Overview
White-tailed Tropicbird: This large white bird has a long black bar on upperwing coverts and outer primaries, black loral mask which extends through and past the eye, yellow-orange bill, white tail streamers, yellow legs and feet and black webbed toes. Feeds on fish and squid. Buoyant, graceful pigeon-like flight with fluttering wing strokes alternating with soaring glides. Sexes are similar.
Range and Habitat
White-tailed Tropicbird: Occurs off the coast of the southeastern United States and throughout the northern and eastern Gulf of Mexico and tropical eastern Atlantic and Indian Oceans. It originates from breeding colonies in Bermuda, the Bahamas, and the Greater and Lesser Antilles. Three records of this bird exist in California and Arizona.

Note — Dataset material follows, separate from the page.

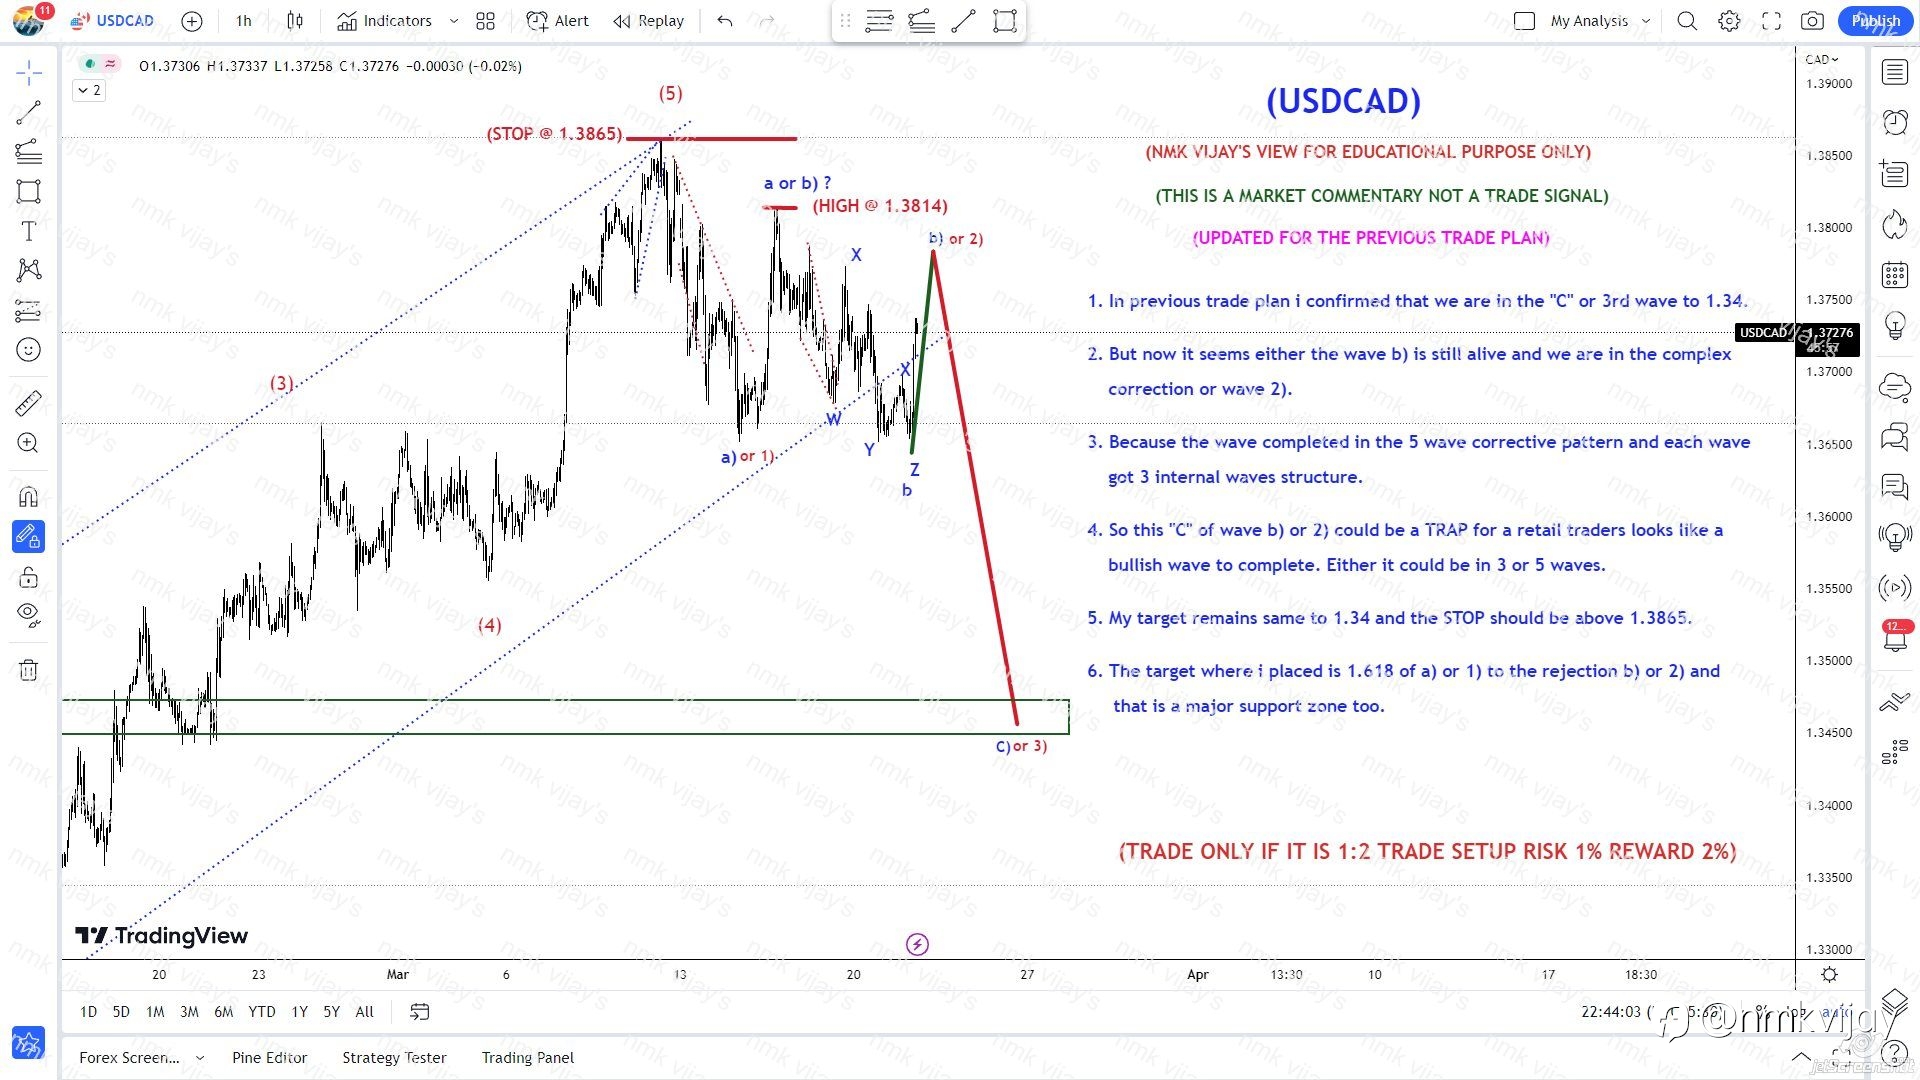 USDCAD-Updated for the previous trade plan Target remains 1.34

Prefers rain forest to barren ground.
Tropicbirds (Phaethontidae)
ORDER
The order PELECANIFORMES (pronounced pel-leh-KAN-ih-FOR-meez) is composed of six families including the comical, large-billed pelicans, the pterodactyl-like frigatebirds, the gannets and boobies, and the graceful tropicbirds.
FAMILY TAXONOMY
The tropicbird family, Phaethontidae (pronounced fee-TON-tih-dee), is a small family of just three species in one genus that occur in tropical and subtropical waters of the Pacific, Atlantic, and Indian Oceans.
SOUTH PACIFIC-PALAU
Three species of tropicbird in one genus occur in the South Pacific. Two species, the Red-tailed Tropicbird, and White-tailed Tropicbird, occur in Palau.
NORTH AMERICA
All three species of tropicbird, the Red-tailed, White-tailed and Red-billed, have occurred in North American waters.
KNOWN FOR
Tropicbirds are known for their ability to suddenly appear and hover overhead during pelagic birding trips despite several people watching for them at all times. They are also known for being very graceful in flight and having elongated central tail feathers.
PHYSICAL
Tropicbirds are fairly large with long, pointed wings, short necks, and wedge-shaped tails with elongated, central tail feathers. They have medium-length, strong, sharp bills somewhat like that of a tern (an unrelated group of birds). Also like terns, they have short legs with webbed feet for paddling in the water.
COLORATION
Tropicbirds have predominately white plumage with black markings in the wings, on the face, and in the case of the Red-billed Tropicbird, also on the tail and back. Black markings on the back are also found on young of other species. Bills of tropicbirds are colored a deep red in Red-billed and Red-tailed Tropicbirds (which also has a red central tail feathers) and bright yellow in the White-tailed Tropicbird.
GEOGRAPHIC HABITAT
Tropicbirds nest on rocky islets and cliffs but mostly frequent warm seas far from land. Away from breeding grounds in Hawaii and Bermuda, tropicbirds are seldom seen. While the White-tailed Tropicbird is rarely but regularly encountered in the warm waters of the Gulf Stream, the other two species are only casually seen in North American waters.
MIGRATION
Tropicbirds are non-migratory but disperse widely after breeding.
HABITS
Away from their nesting colonies, tropicbirds are solitary birds that dive for fish and squid on the open ocean. They often take advantage of small fish driven to the surface by tuna and other predators; each tropicbird species being adapted to foraging with different types of predatory fish.
CONSERVATION
Although the Red-billed and Red-tailed Tropicbirds have fairly small populations, neither these species nor the White-tailed are threatened. With so many seabird species threatened by pollution, long-line fishing and disturbance at their breeding grounds, this is a positive and welcome anomaly.
INTERESTING FACTS
Before breeding, tropicbirds perform beautiful, aerial courtship displays that can involve wagging their tails back and forth as they fly backwards and in circles. On their breeding grounds in Bermuda, the White-tailed Tropicbird is a welcome sight. Considered a sign of spring, “nest igloos” are put up to help with the nesting of the “longtail,” Bermuda’s national bird.